History's Just Desserts

Exploring American History through Desserts and Their Makers

Washington Cake — Evidence of a Washington, DC, Food Tradition?


Washington, DC, isn’t a great food city.  That’s what my old boss Mark Furstenberg said in a controversial recent Washington Post article.

Food in DC is getting better and better, practically by the week.  In the realm of desserts, there’s the Sweet Lobby on Barracks Row, with its fantastic macarons and prize-winning cupcakes.  Nearby, H Street NE has a thriving restaurant scene.  And a little to the north of H Street is the fantastic new Union Market.  But because Washington was “barely a city” for “so very long,” Furstenberg says, DC doesn’t have “a real tradition, a food culture, a food identity.”  Nothing to call its own.

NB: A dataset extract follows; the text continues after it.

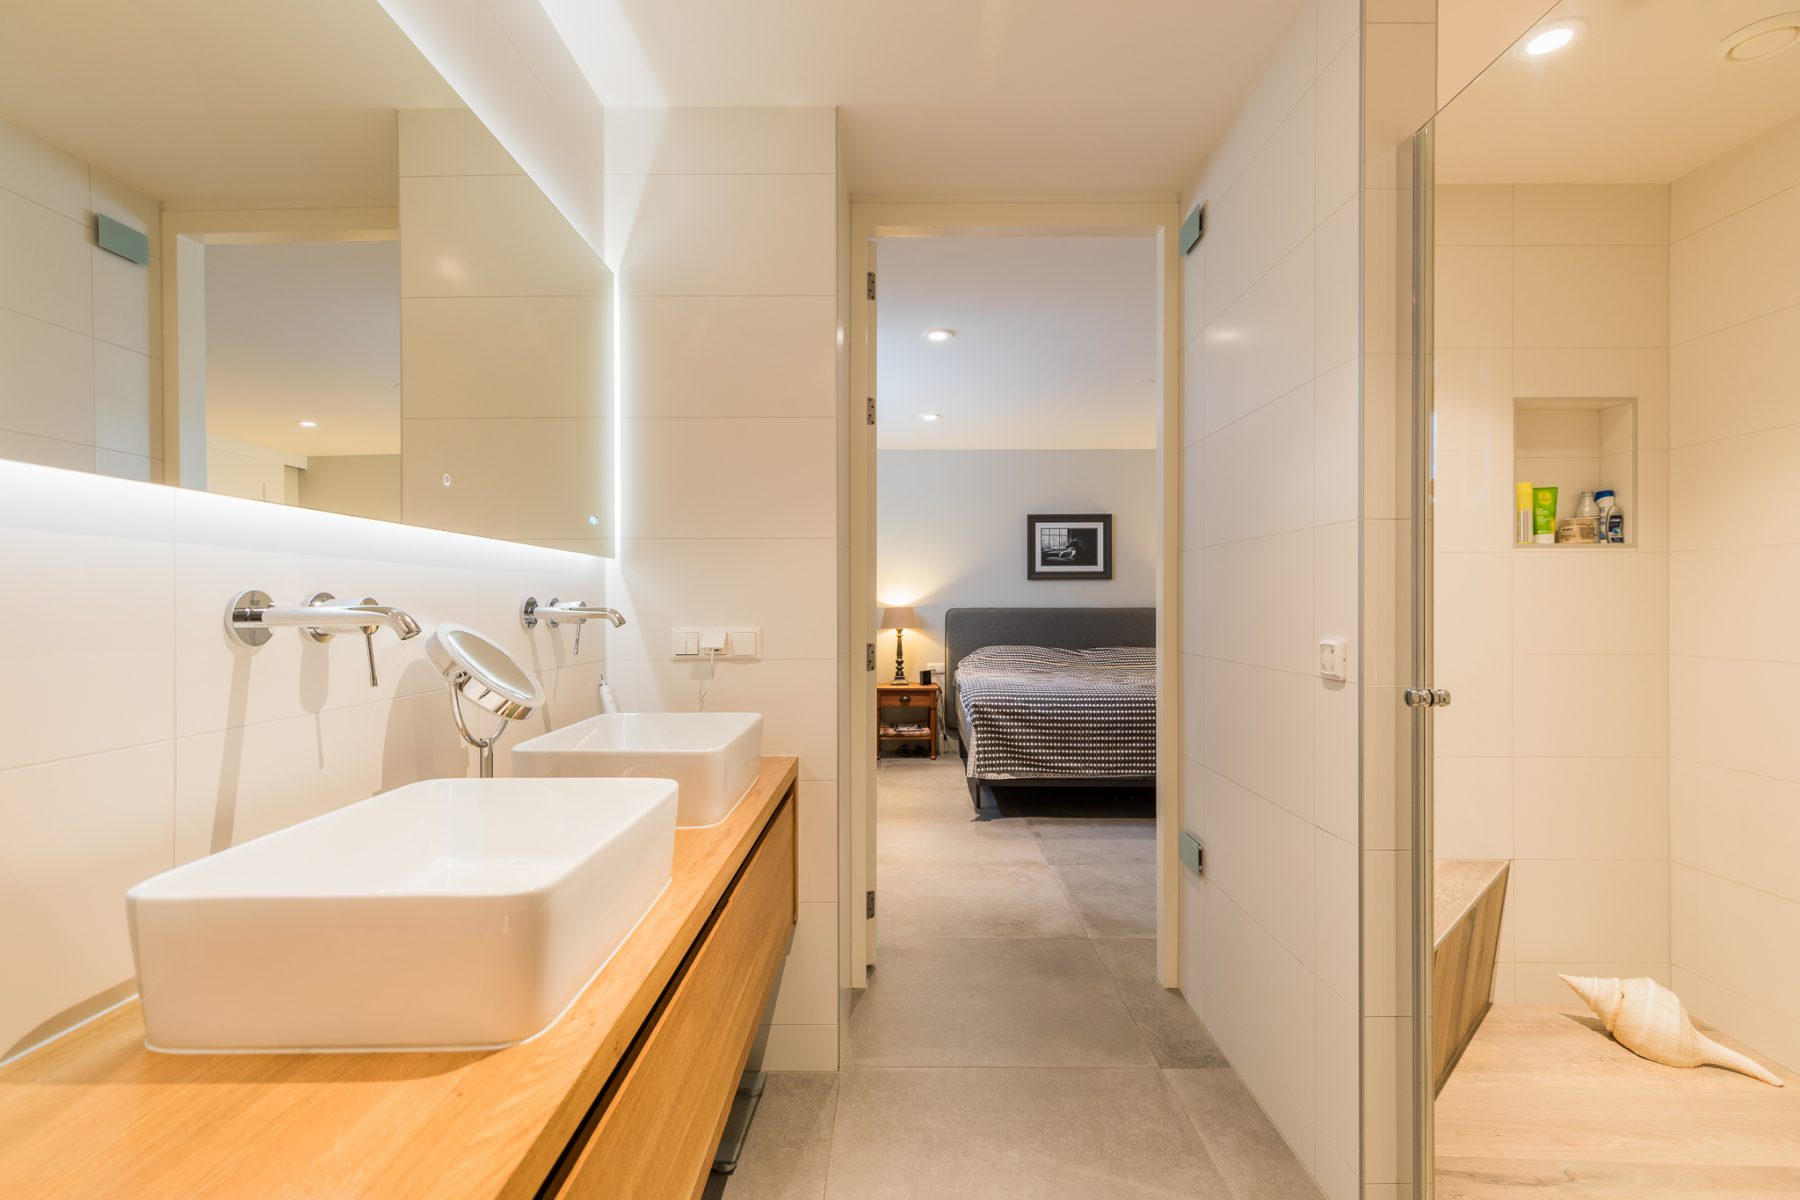 Badkamer en slaapkamer in het souterrain

Well, what about the Washington Cake?  Malinda Russell’s 1866 Domestic Cookbook has a recipe for a Washington Cake.  My guess is that this dessert was named for George Washington.  But the city has a special link to our first president.  He chose the site.  Locating the capital city – which he hoped would be an important trading center too – on the Potomac would bind together the eastern and western parts of the new nation, he thought.  (And, yes, it would help the property values of all the land he owned in the area.)  And George Washington oversaw the construction of the city in the 1790s too.  Can we Washingtonians claim a cake named for him as our own?

Mount Vernon currently (but not for much longer!) has an exhibit  “Hoecakes & Hospitality: Cooking with Martha Washington,” that sounded like it might shed light on this question so I headed there to see what I could find out.  Check back in coming days about desserts at Mount Vernon, the Washington cake, and more.

4 thoughts on “Washington Cake — Evidence of a Washington, DC, Food Tradition?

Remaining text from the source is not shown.